Records for the task →
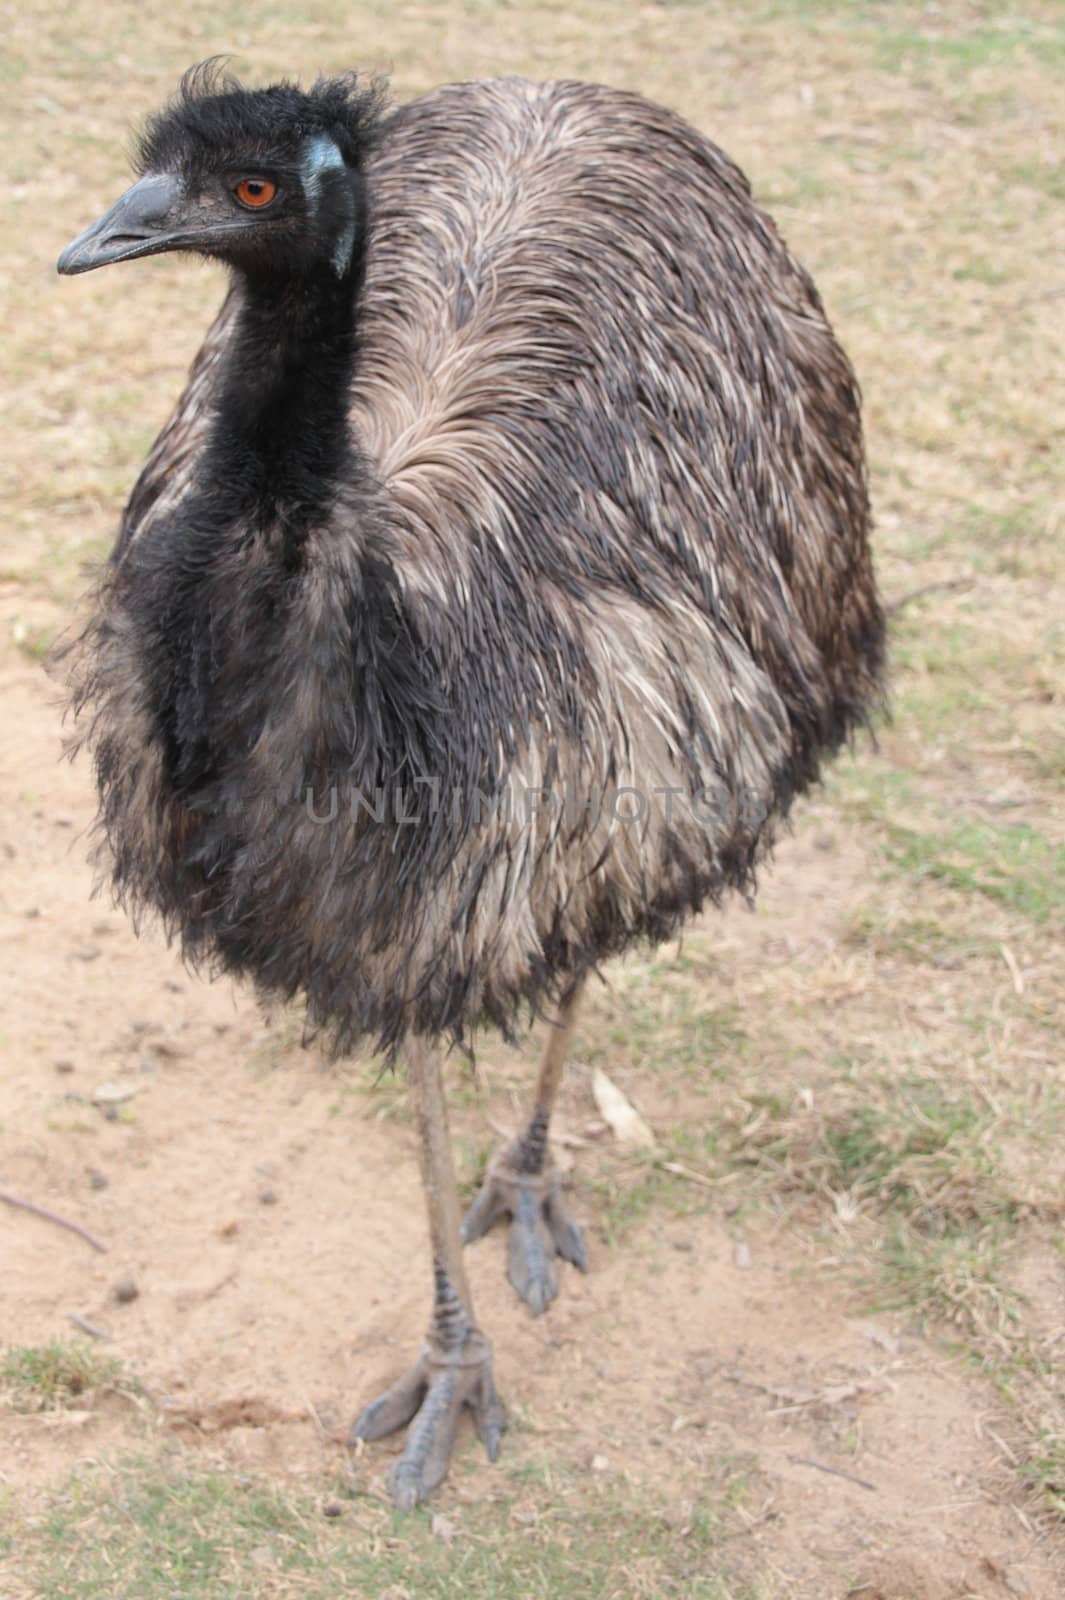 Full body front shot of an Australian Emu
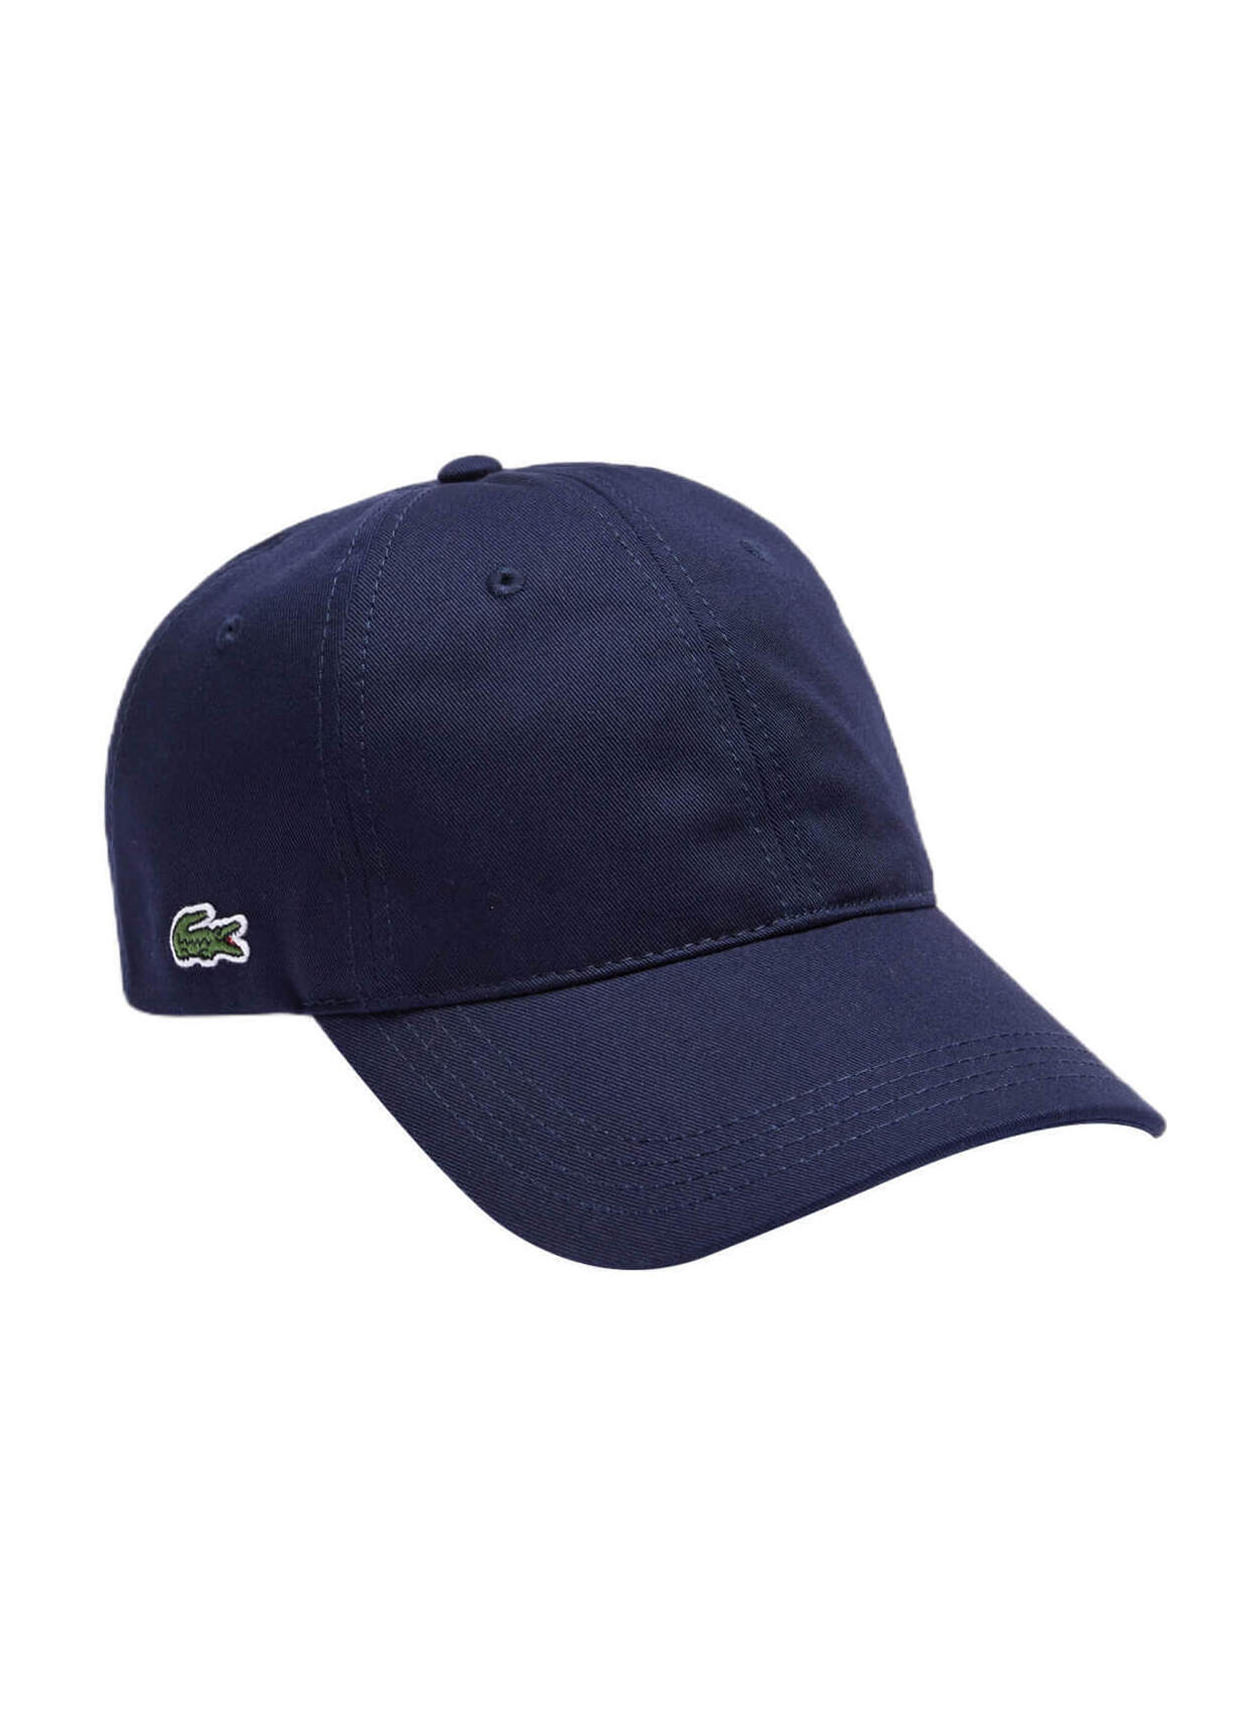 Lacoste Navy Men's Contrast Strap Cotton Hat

...

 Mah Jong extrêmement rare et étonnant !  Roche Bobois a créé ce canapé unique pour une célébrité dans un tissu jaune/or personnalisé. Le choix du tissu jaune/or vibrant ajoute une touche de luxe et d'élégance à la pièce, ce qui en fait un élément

---

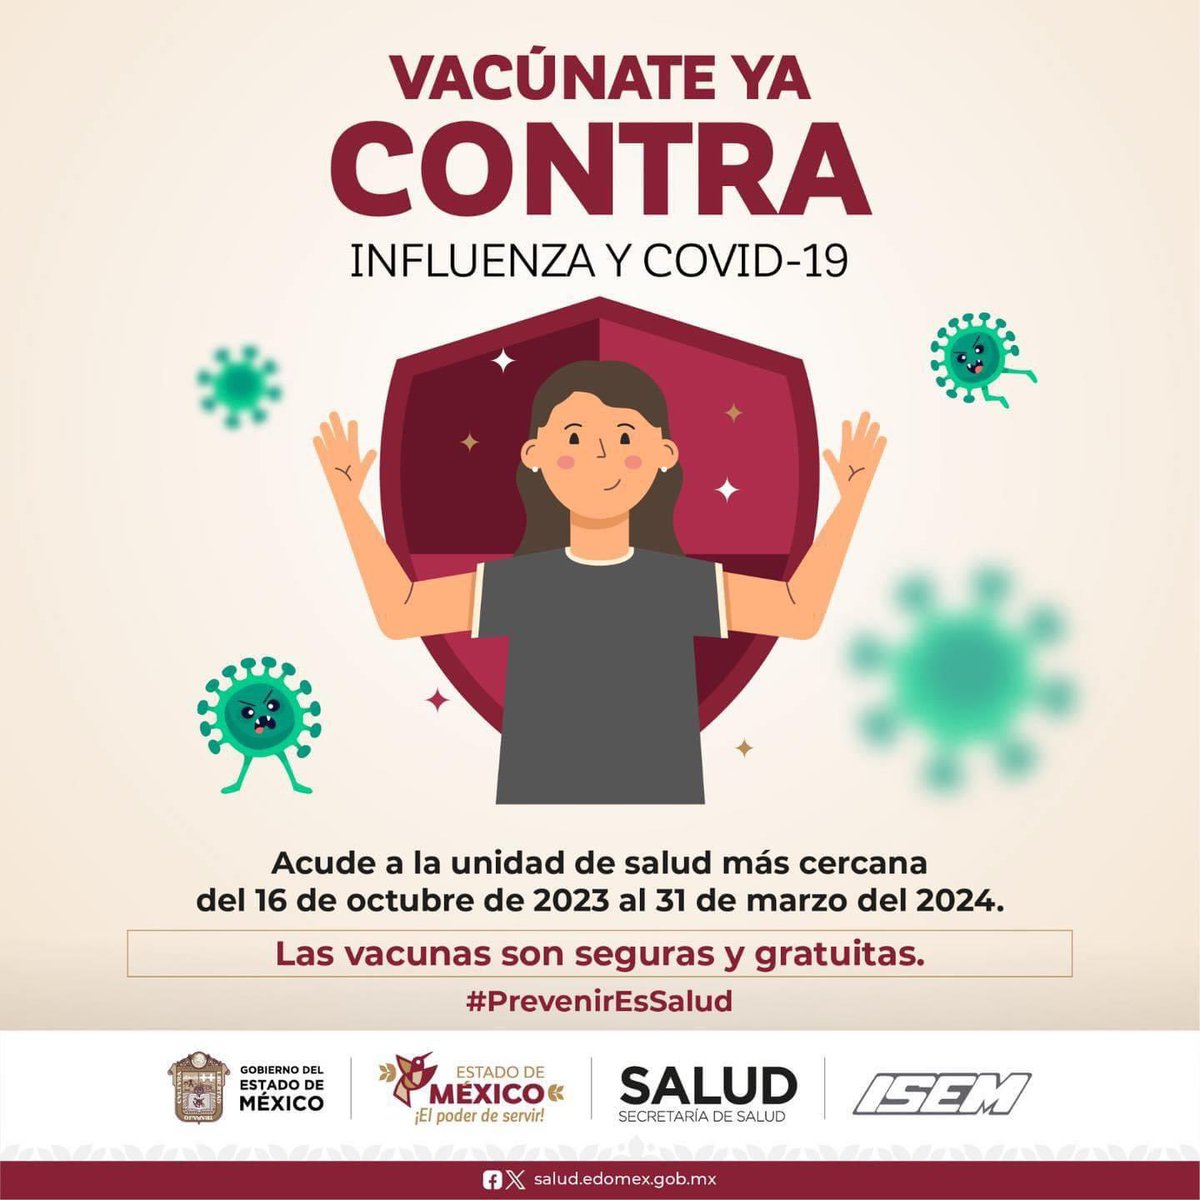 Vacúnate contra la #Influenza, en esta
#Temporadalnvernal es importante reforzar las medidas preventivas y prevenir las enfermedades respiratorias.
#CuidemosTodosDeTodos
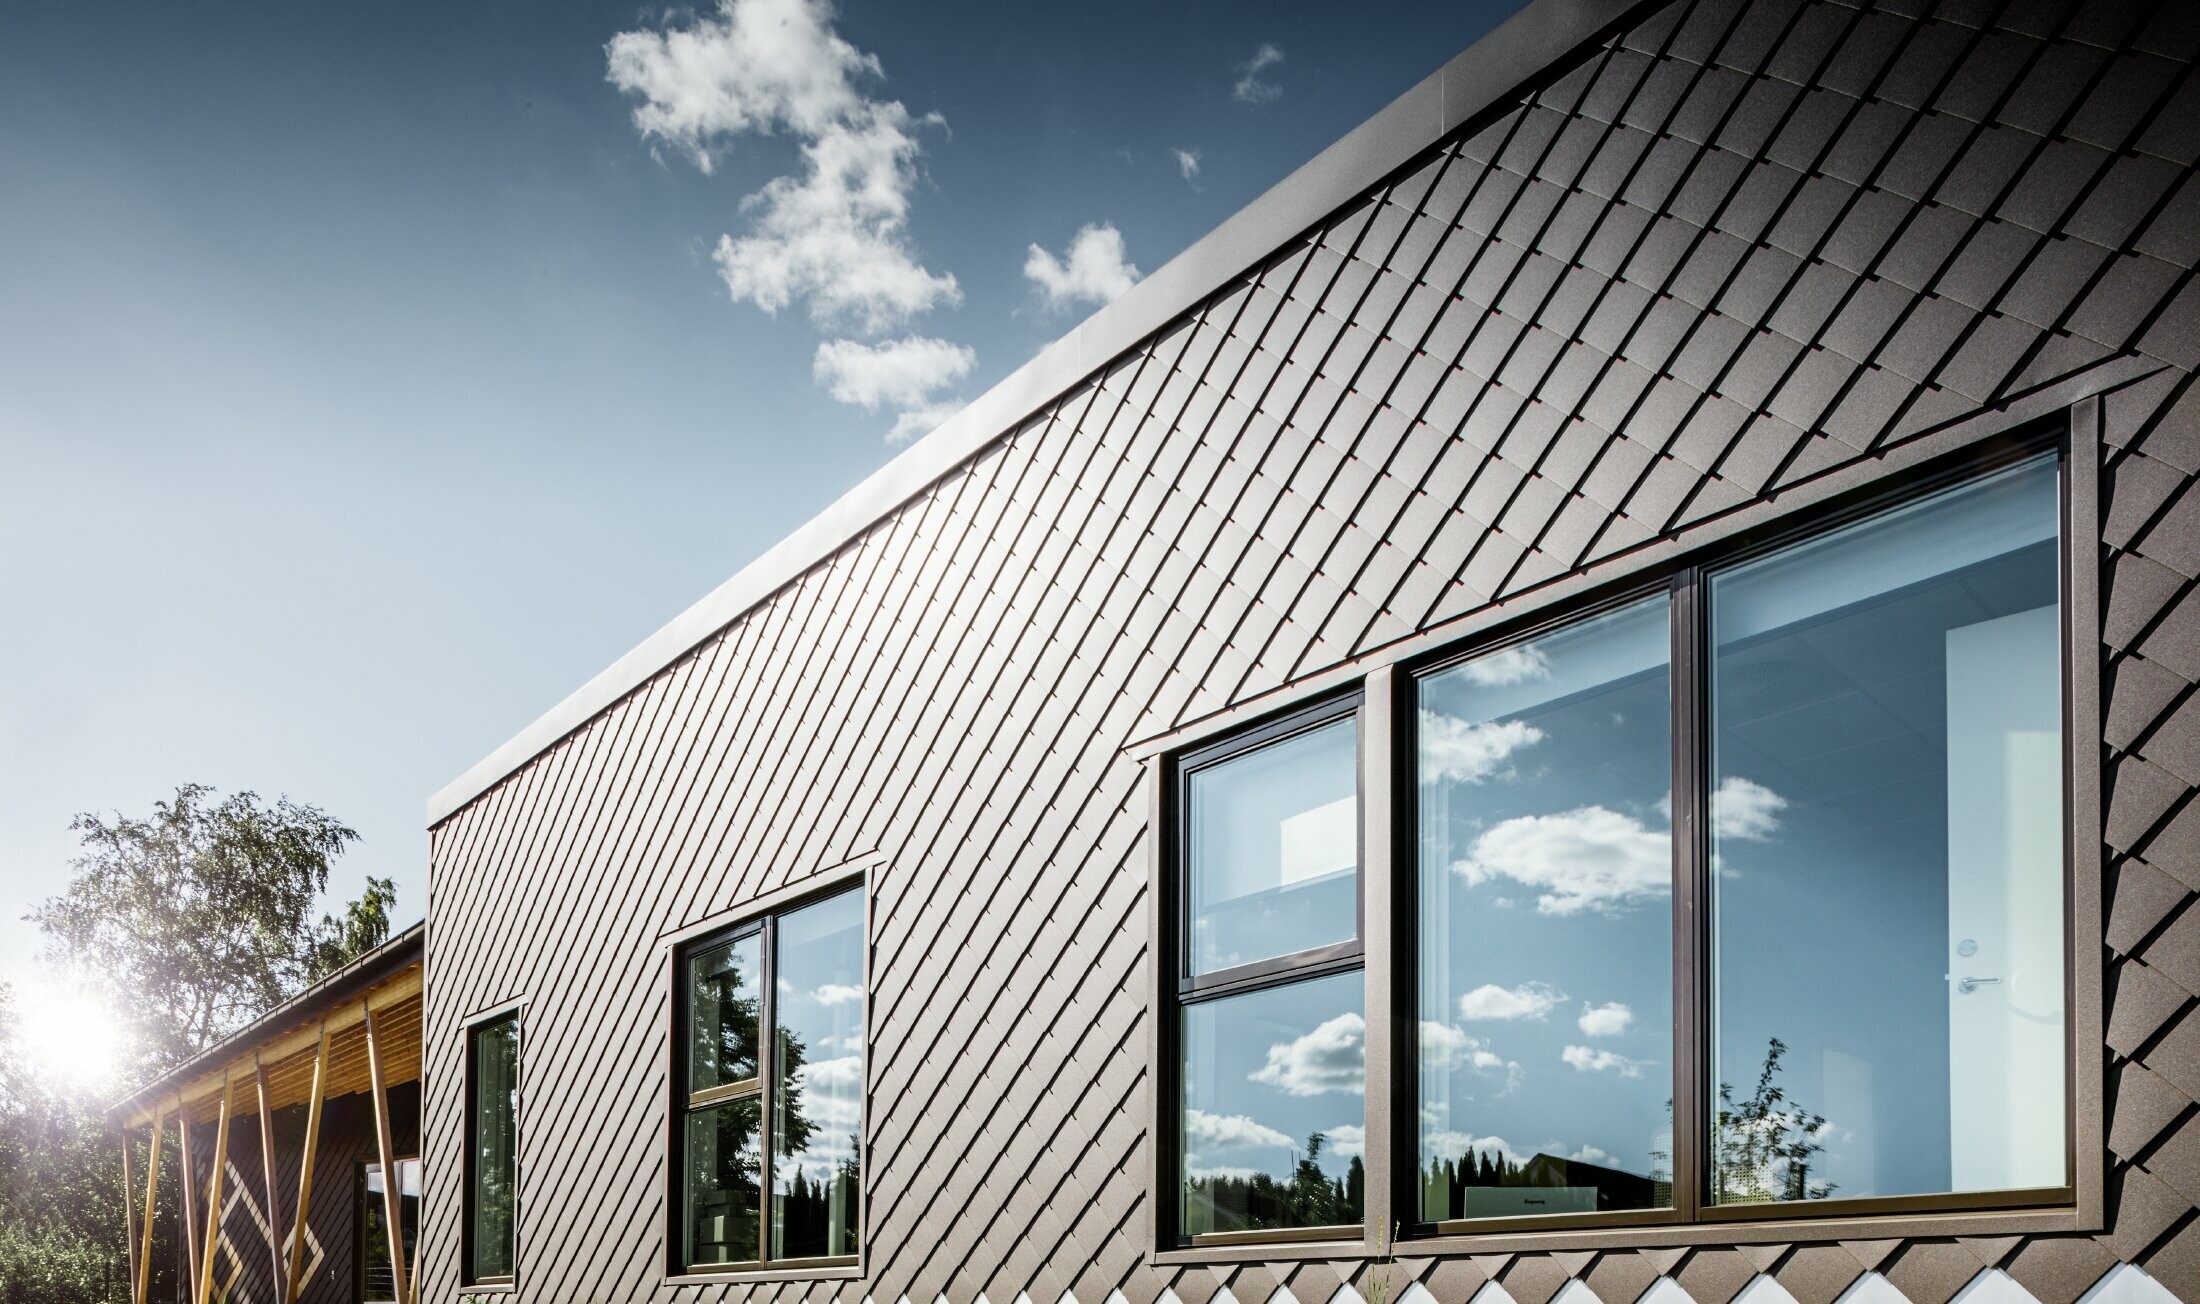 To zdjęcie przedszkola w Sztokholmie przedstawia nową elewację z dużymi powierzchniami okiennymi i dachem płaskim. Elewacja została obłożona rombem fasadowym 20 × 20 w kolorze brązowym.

Goal of the exercise →
Look above for the line with "Full body front shot of an Australian Emu" and the line with "Lacoste Navy Men's Contrast Strap Cotton Hat"; set down those two lines and all lines between them exactly, without pictures and without anything else.

Exercise output →
 Full body front shot of an Australian Emu
 Lacoste Navy Men's Contrast Strap Cotton Hat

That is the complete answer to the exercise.